START EXTRACTED MATERIAL

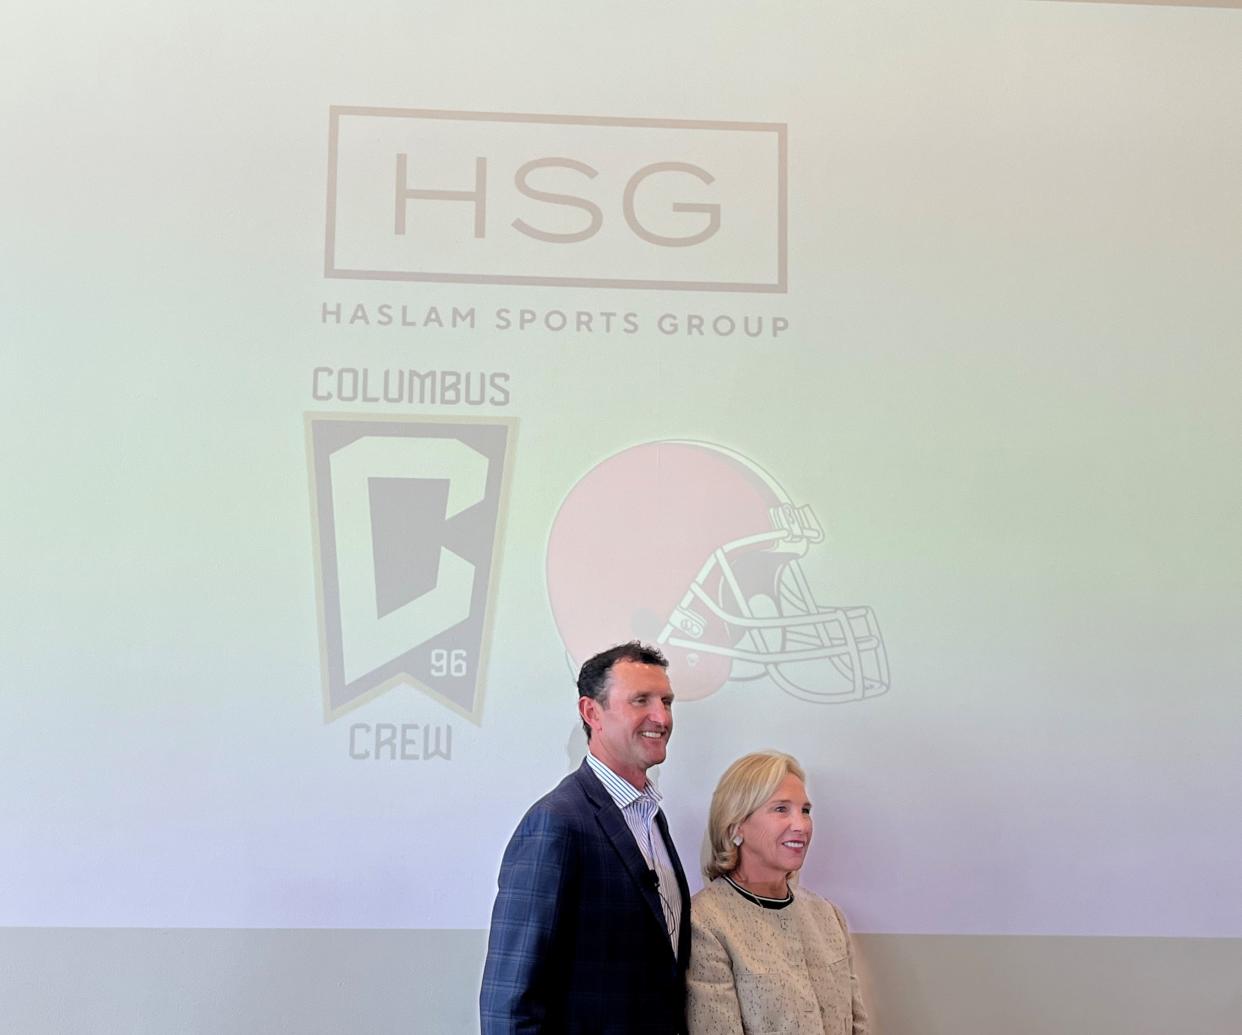 JW Johnson III, executive vice president of the Browns and a partner of the Haslam Sports Group, and Dee Haslam, CEO of Haslam Sports Group, pose after speaking at the Columbus Museum of Art for the Ohio Chamber's annual State of Business Summit on Tuesday.
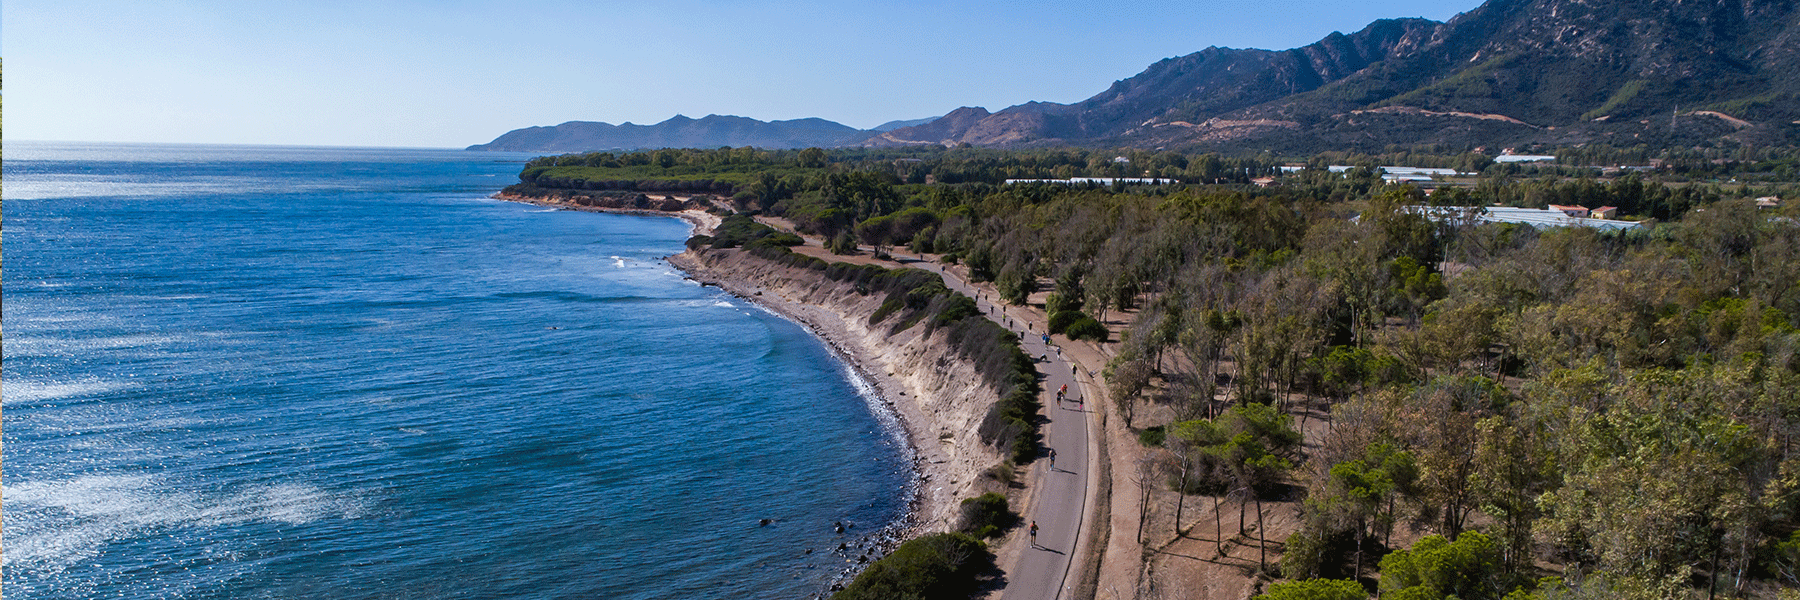 Athletes running on a street on the shore with turquoise Mediterranean Sea on the left and mountains and forests on the right in Santa Margherita di Pula, Sardegna
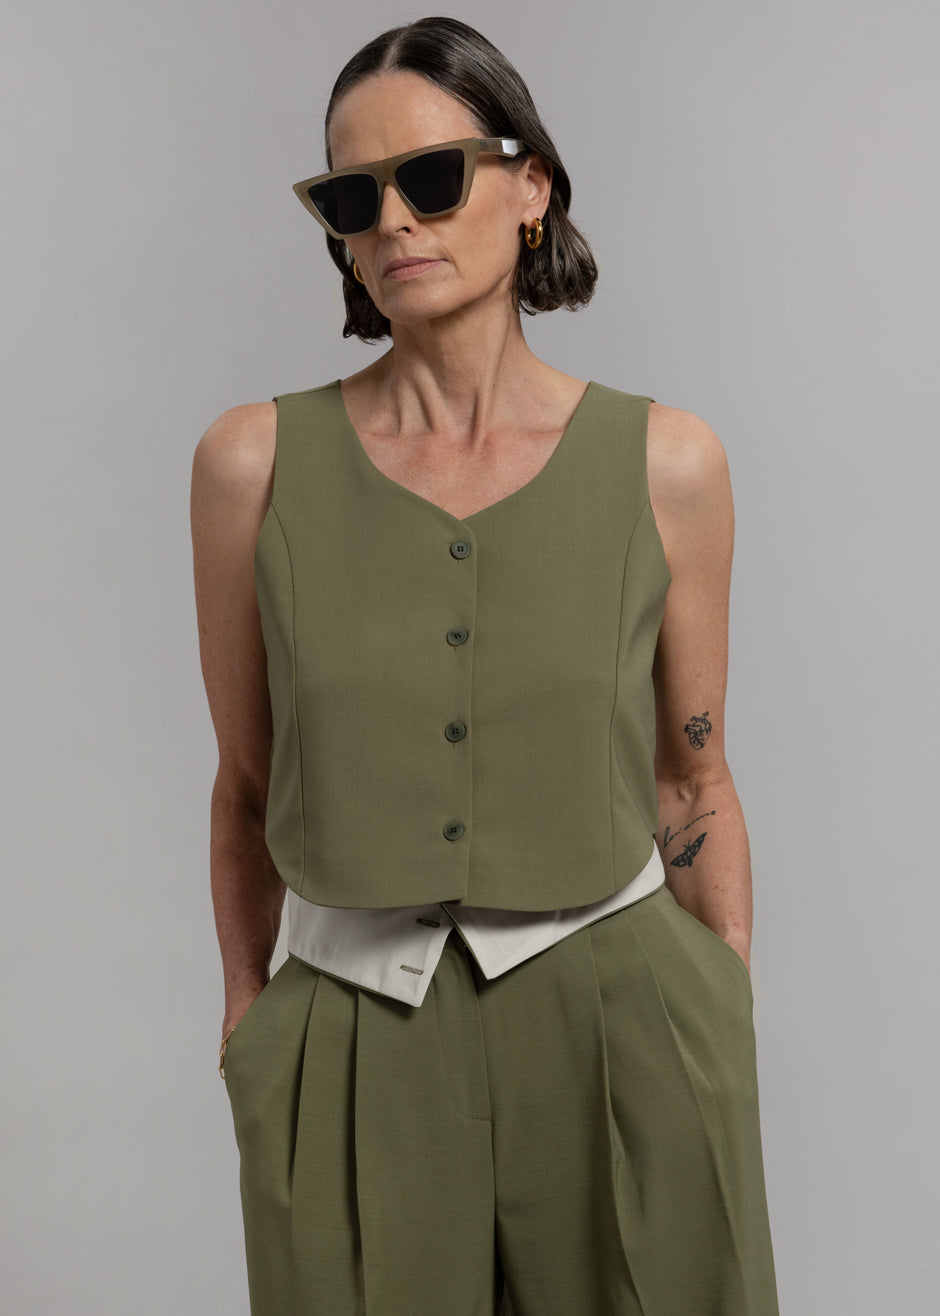 Holi Vest - Olive Beside You is available at a reasonable price ...
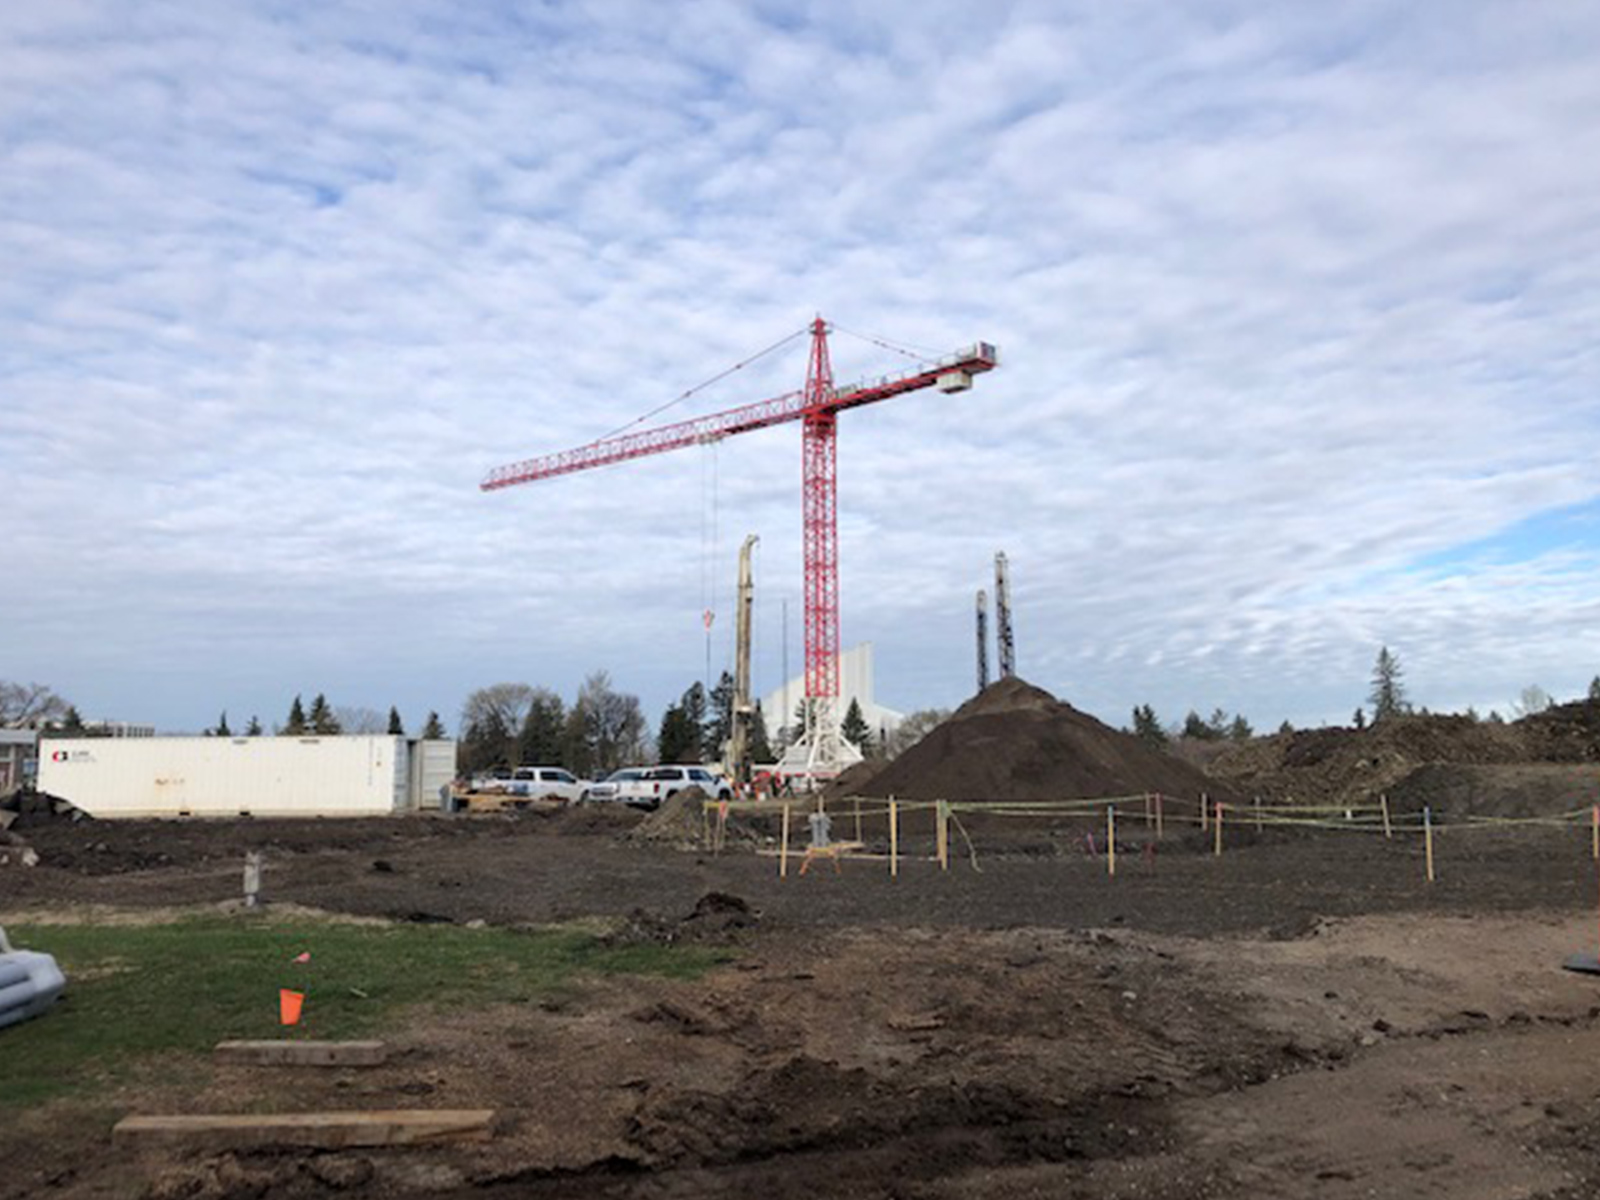 Recreation Centre construction, May 11, 2022
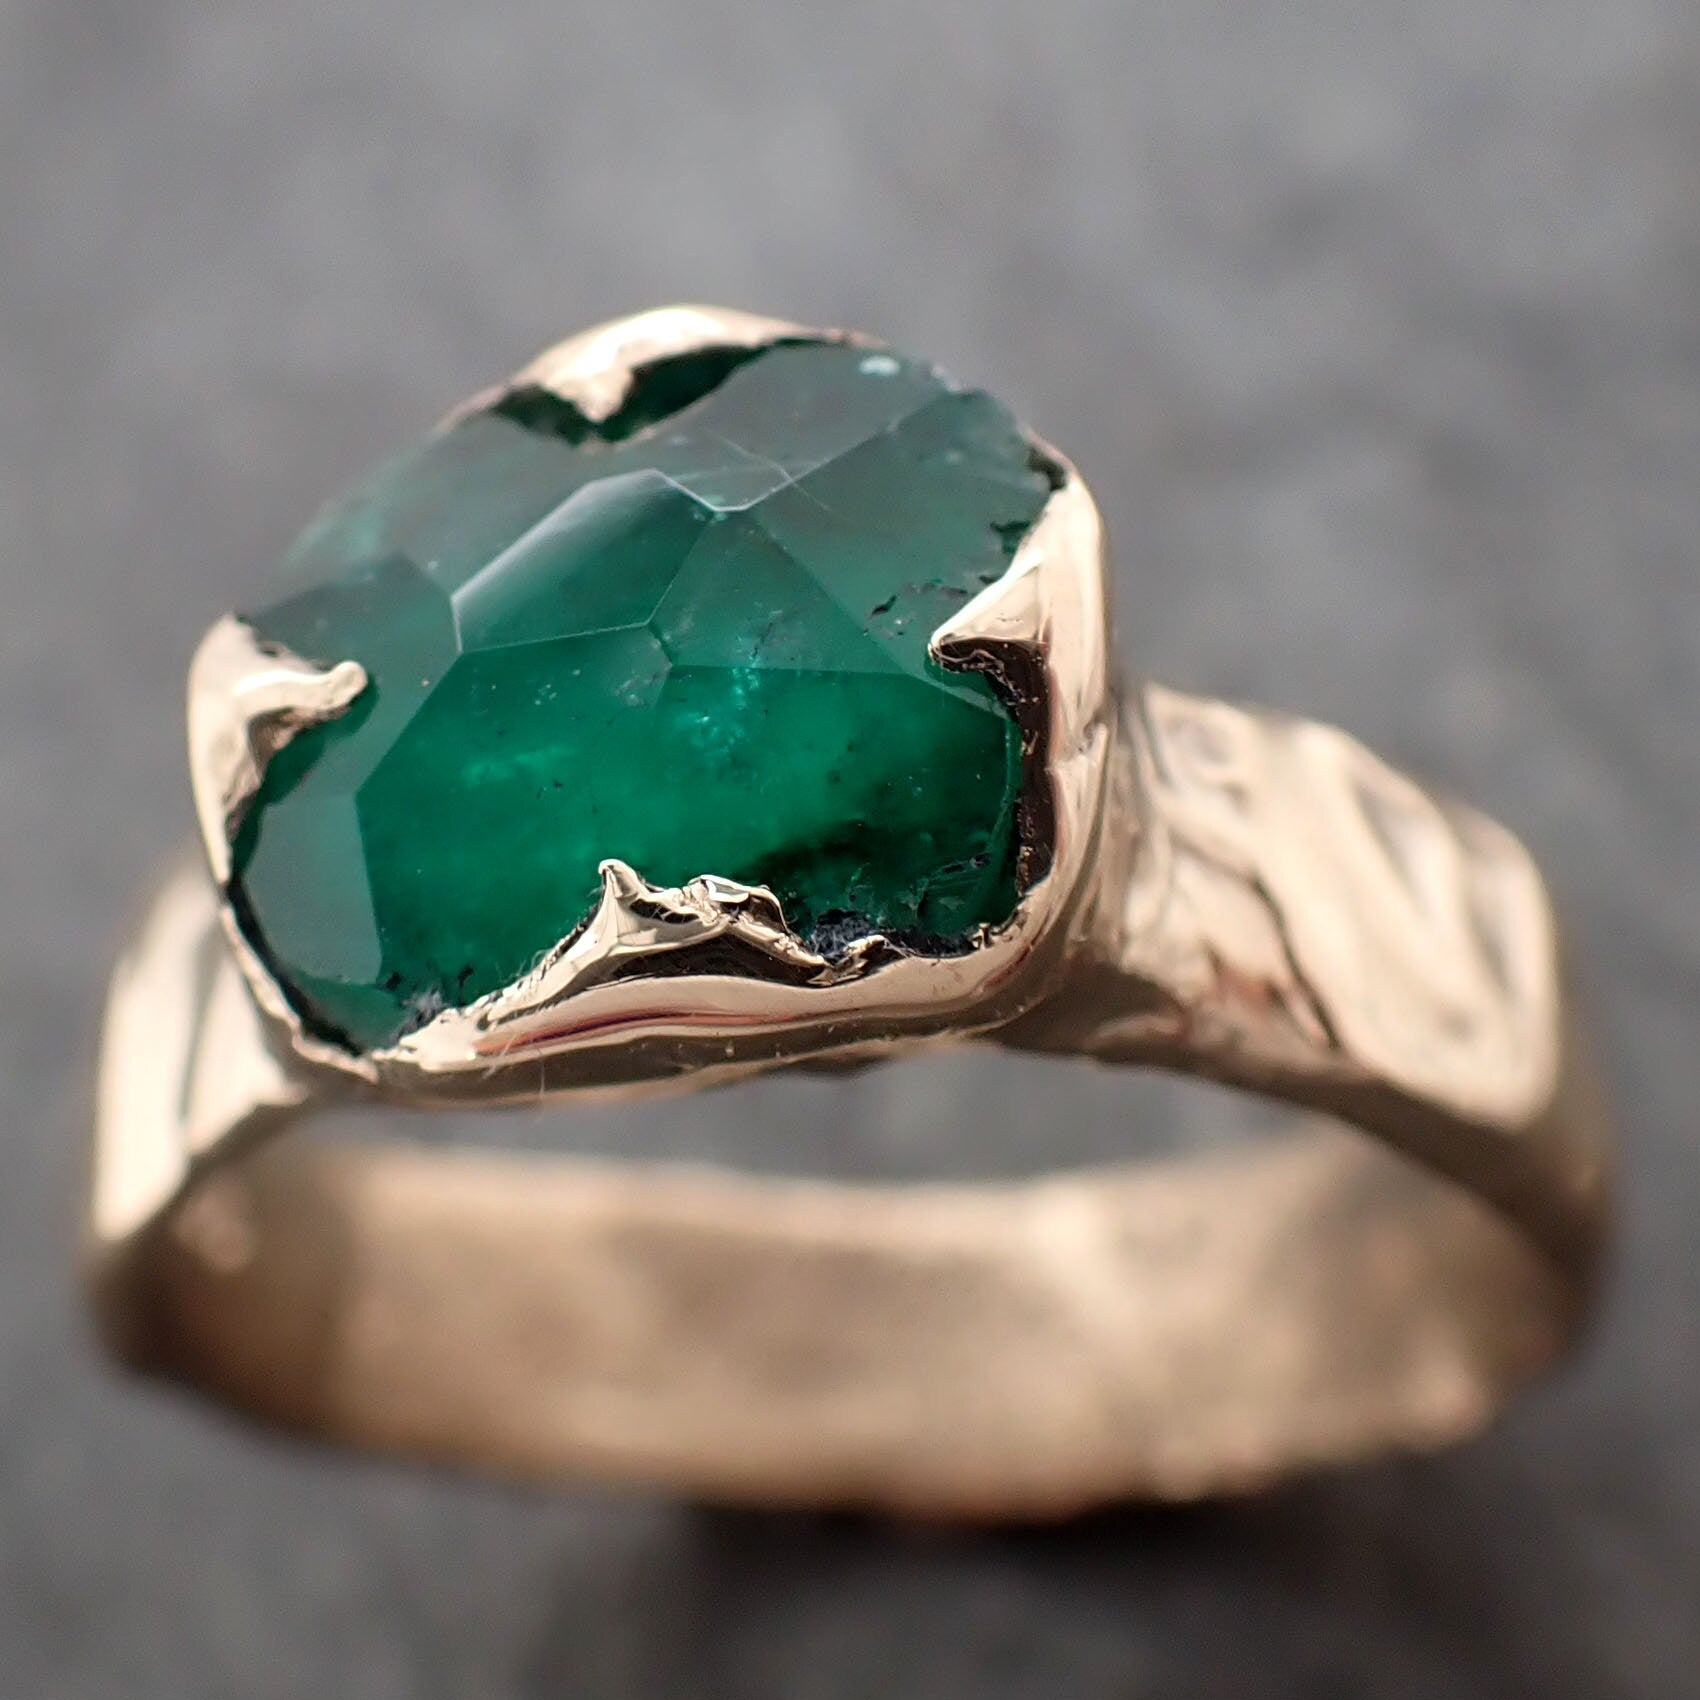 Partially Faceted Emerald Solitaire Mens yellow 14k Gold Ring Birthstone One Of a Kind Gemstone Cocktail Ring Recycled 2943

END EXTRACTED MATERIAL

# WHAT YOU SHOULD DO
Begin at the first line of the entries above and return each line exactly, stopping after the line that contains "Holi Vest - Olive". Pictures do not belong in the copy.

# SOLUTION FOR THIS TASK
 JW Johnson III, executive vice president of the Browns and a partner of the Haslam Sports Group, and Dee Haslam, CEO of Haslam Sports Group, pose after speaking at the Columbus Museum of Art for the Ohio Chamber's annual State of Business Summit on Tuesday.
 Athletes running on a street on the shore with turquoise Mediterranean Sea on the left and mountains and forests on the right in Santa Margherita di Pula, Sardegna
 Holi Vest - Olive Beside You is available at a reasonable price ...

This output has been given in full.